> TO DO
With the pictures excluded, reproduce all of the data exactly.

> INFORMATION PROVIDED

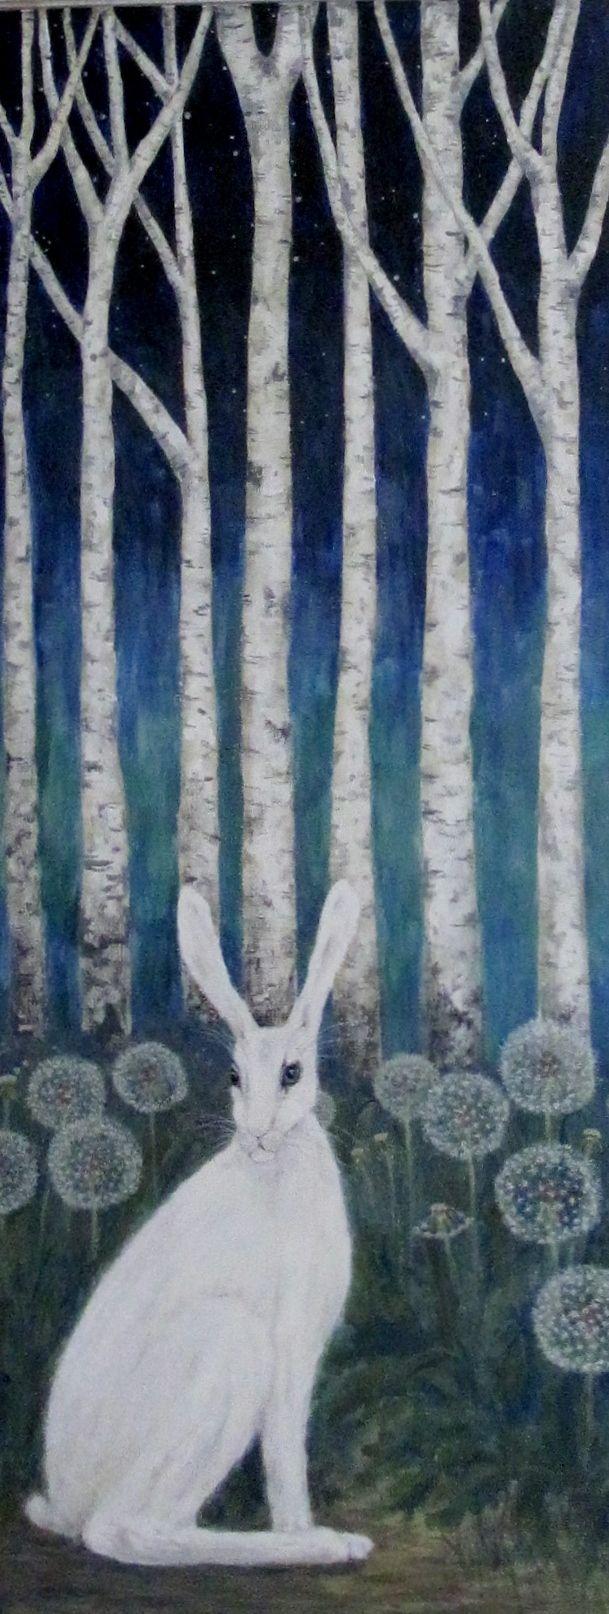 White hare.
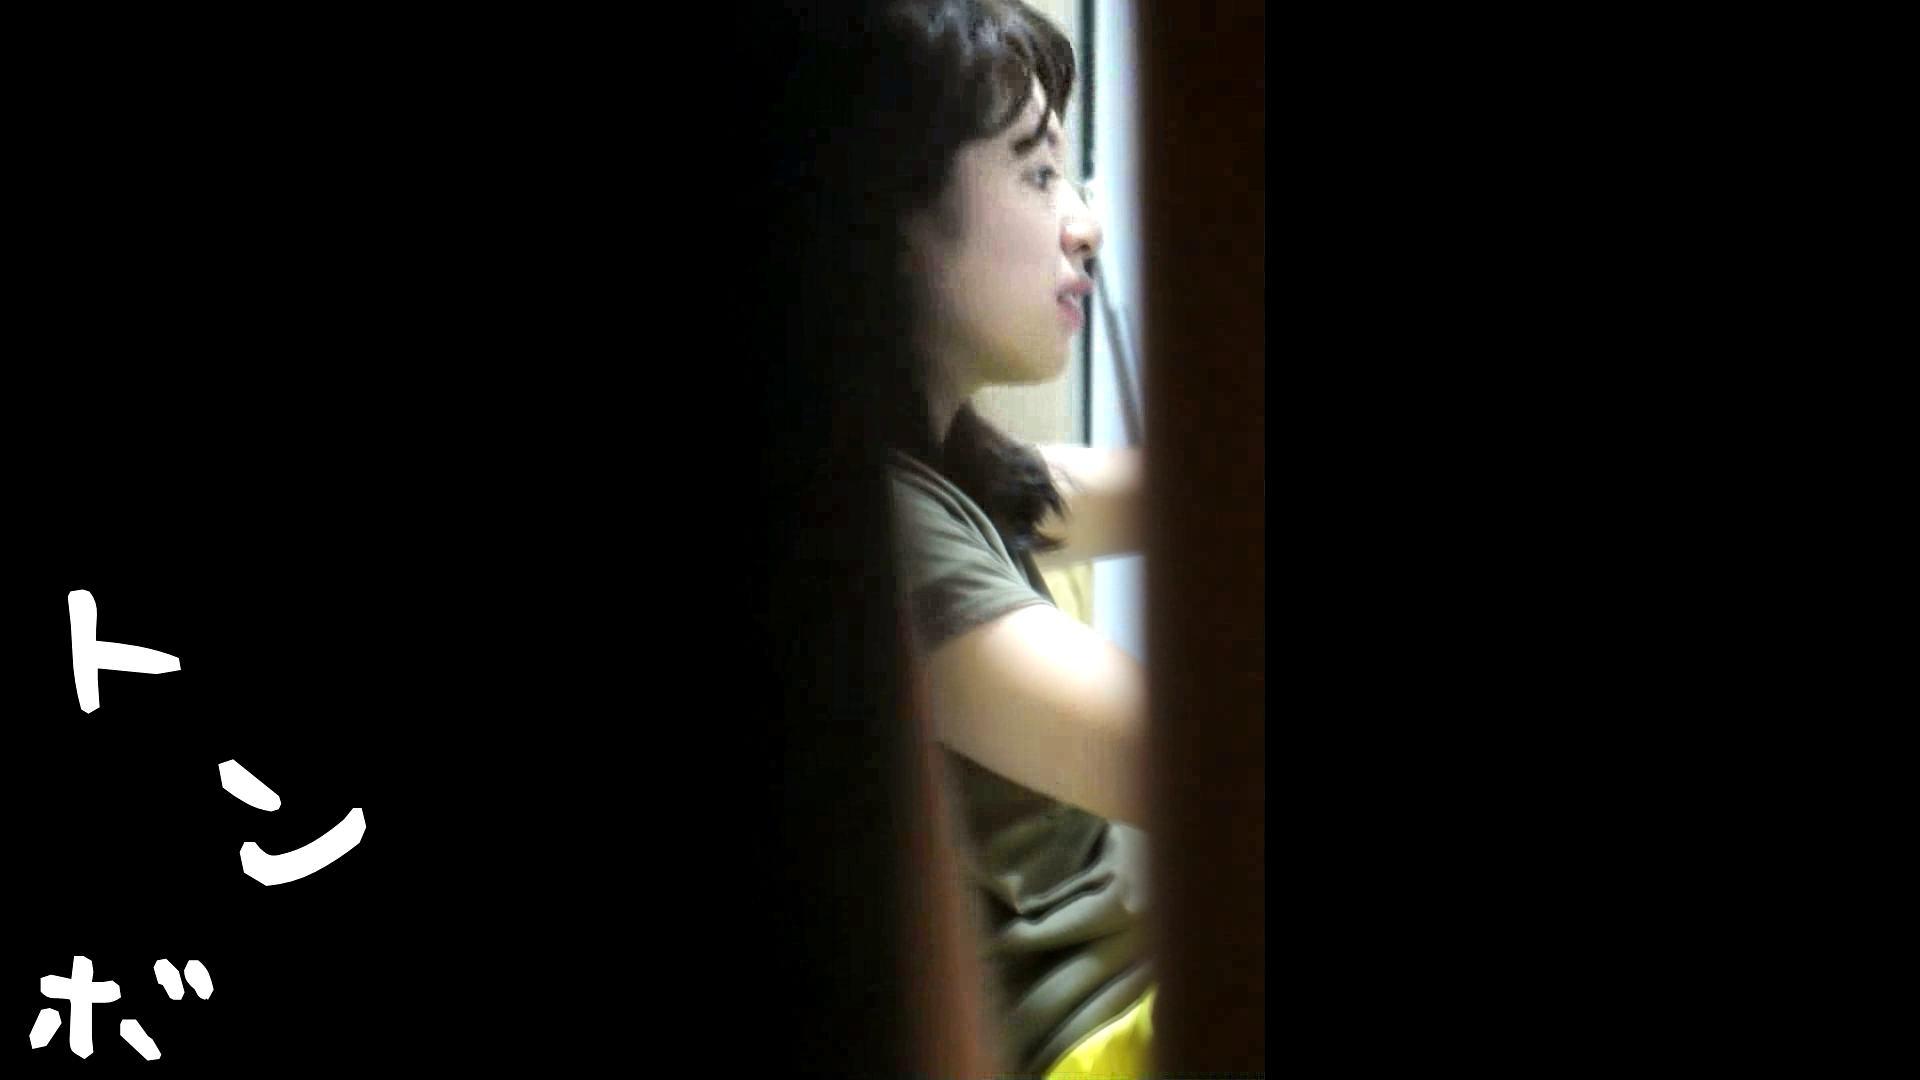 リアル盗撮 ピアスが可愛い一人暮らし女子大生の部屋ヌード 桃色乳首  94PIX 4
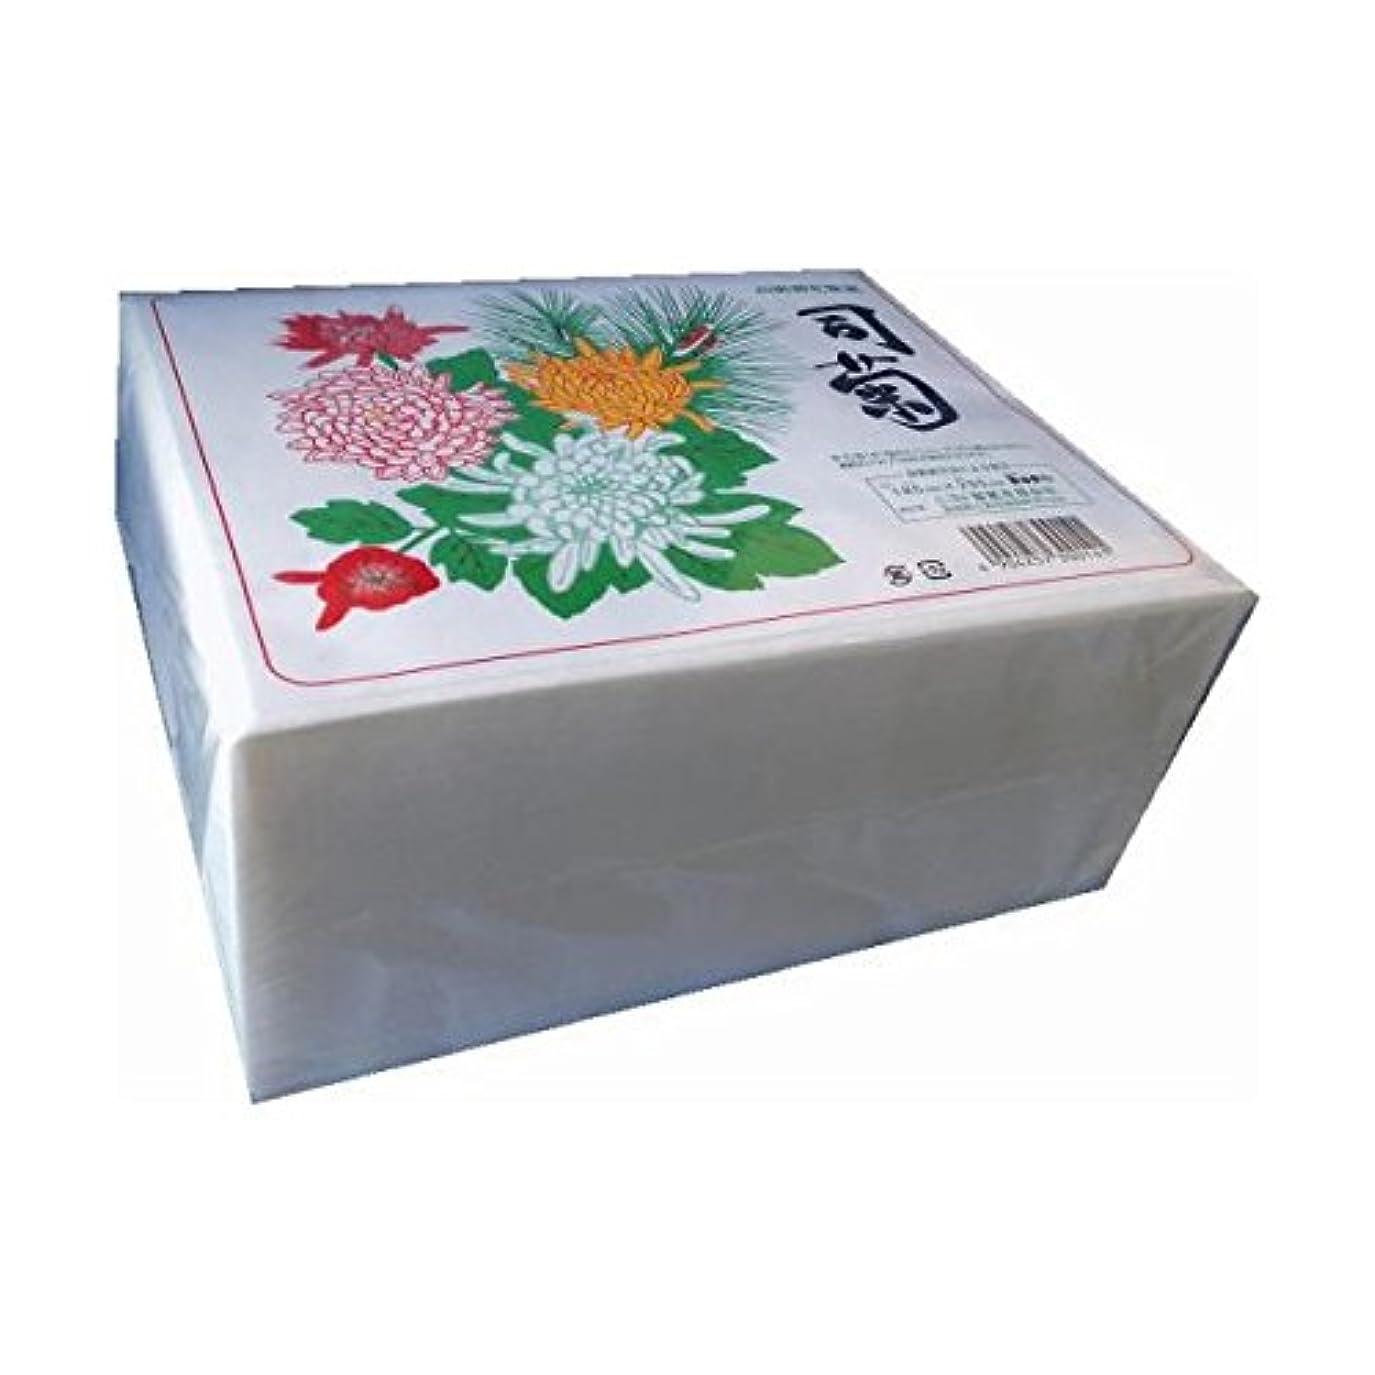 ゆるい容器悪性ニヨド製紙:高級御化粧紙 司菊 800枚 5個 4904257300141b

> PROBLEM SOLUTION
 White hare.
 リアル盗撮 ピアスが可愛い一人暮らし女子大生の部屋ヌード 桃色乳首  94PIX 4
 ゆるい容器悪性ニヨド製紙:高級御化粧紙 司菊 800枚 5個 4904257300141b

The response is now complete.